Unnamed: 0,Cars.go.com,Planes.go.com,Boats.go.com,Total
2013Q4,608506,161697,86591.6,856795
2014Q1,566358,174308,88361.8,829028
2014Q2,570199,180198,93143.7,843541
2014Q3,569191,172111,91955.3,833258
2014Q4,590635,226688,108744.0,926068


- **For "Planes.go.com" and "Boats.go.com", the Profit Estimates and their corresponding historical data are in the similar range.**

  **However, for "Cars.go.com," the Profit Esitmate is about 3 times of its corresponding historical data.**
     - **Due to this irregularity, I investigated if there are duplicate rows from "DailySalesData_2015Q1" where product line is "Cars.go.com"**

In [12]:
Cars_DailySalesData_2015Q1=DailySalesData_2015Q1[DailySalesData_2015Q1.product_line=='Cars.go.com']
DuplicateRows_df = Cars_DailySalesData_2015Q1[Cars_DailySalesData_2015Q1.duplicated(['revenue', 'date'])]
print("Number of Duplicate Rows based on 'revenue' and 'date' columns are:", len(DuplicateRows_df))

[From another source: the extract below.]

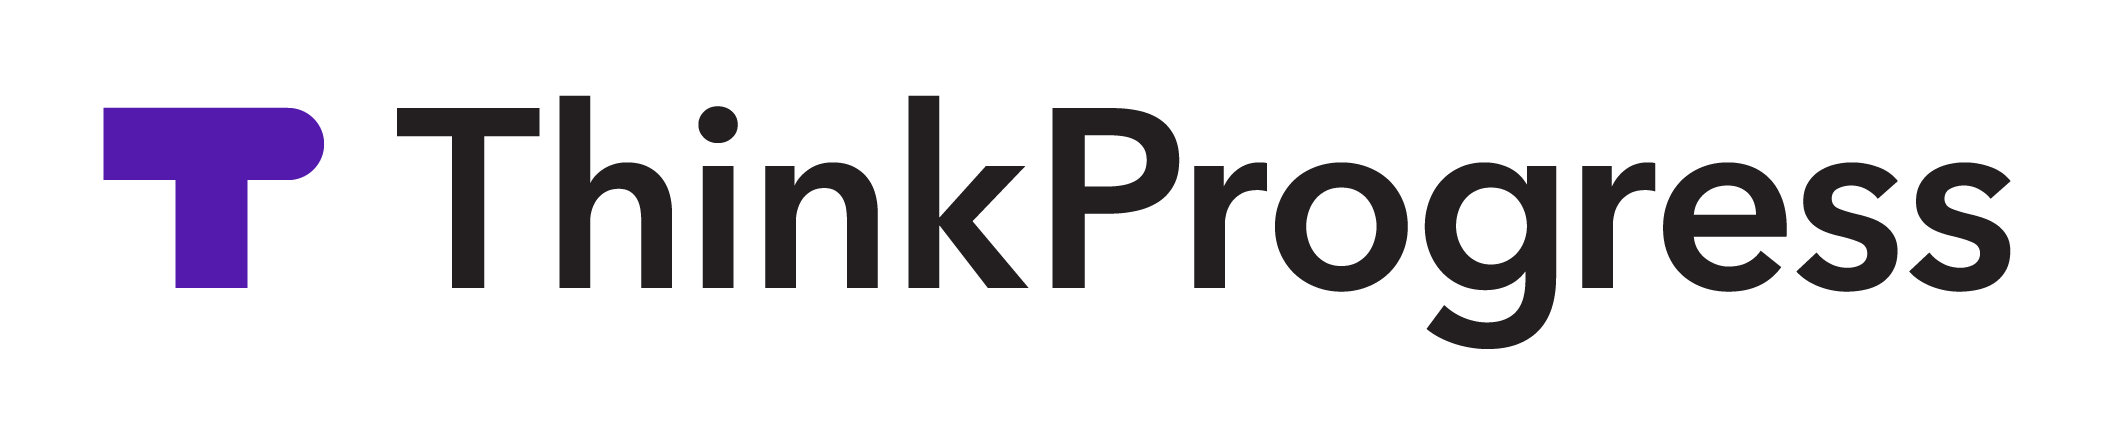 ThinkProgress_Inline_Logotype

Number of Duplicate Rows based on 'revenue' and 'date' columns are: 0


- **There are no duplicate rows in "Cars_DailySalesData_2015Q1".**
  
  **Thus, the high profit estimate of "Cars.go.com" is attributed to the significantly higher revenue of "Cars.go.com" in 2015Q1**
  **compared to its history.**

- **A Simple Explanatory Data Analysis (EDA)"**
    - Investigated the monthly levels of revenue in 2015Q1 for "Cars.go.com," and see if there are any irregularities

In [13]:
Cars_DailySalesData_2015Q1.set_index('date', inplace=True);
Cars_DailySalesData_2015Q1['revenue']=Cars_DailySalesData_2015Q1['revenue'].astype('float64');
Cars_MonthlySalesData_2015Q1 = Cars_DailySalesData_2015Q1.resample('1M').sum()

In [14]:
Cars_MonthlySalesData_2015Q1 
RevenueHistData[['Cars.go.com']]

Unnamed: 0_level_0,revenue
date,Unnamed: 1_level_1
2015-01-31,5056747.2
2015-02-28,5329144.8
2015-03-31,6371632.8


Unnamed: 0,Cars.go.com
2013Q4,6085063
2014Q1,5663582
2014Q2,5701994
2014Q3,5691910
2014Q4,5906352


**Findings:**

- Cars.go.com's Monthly Sales (revenue) in 2015Q1 are in the similar range as its Quarterly Sales for the past 1 year and a quarter. 
- In 2015Q1, Cars.go.com's March monthly sales (revenue) increased even more than its previous 2 months.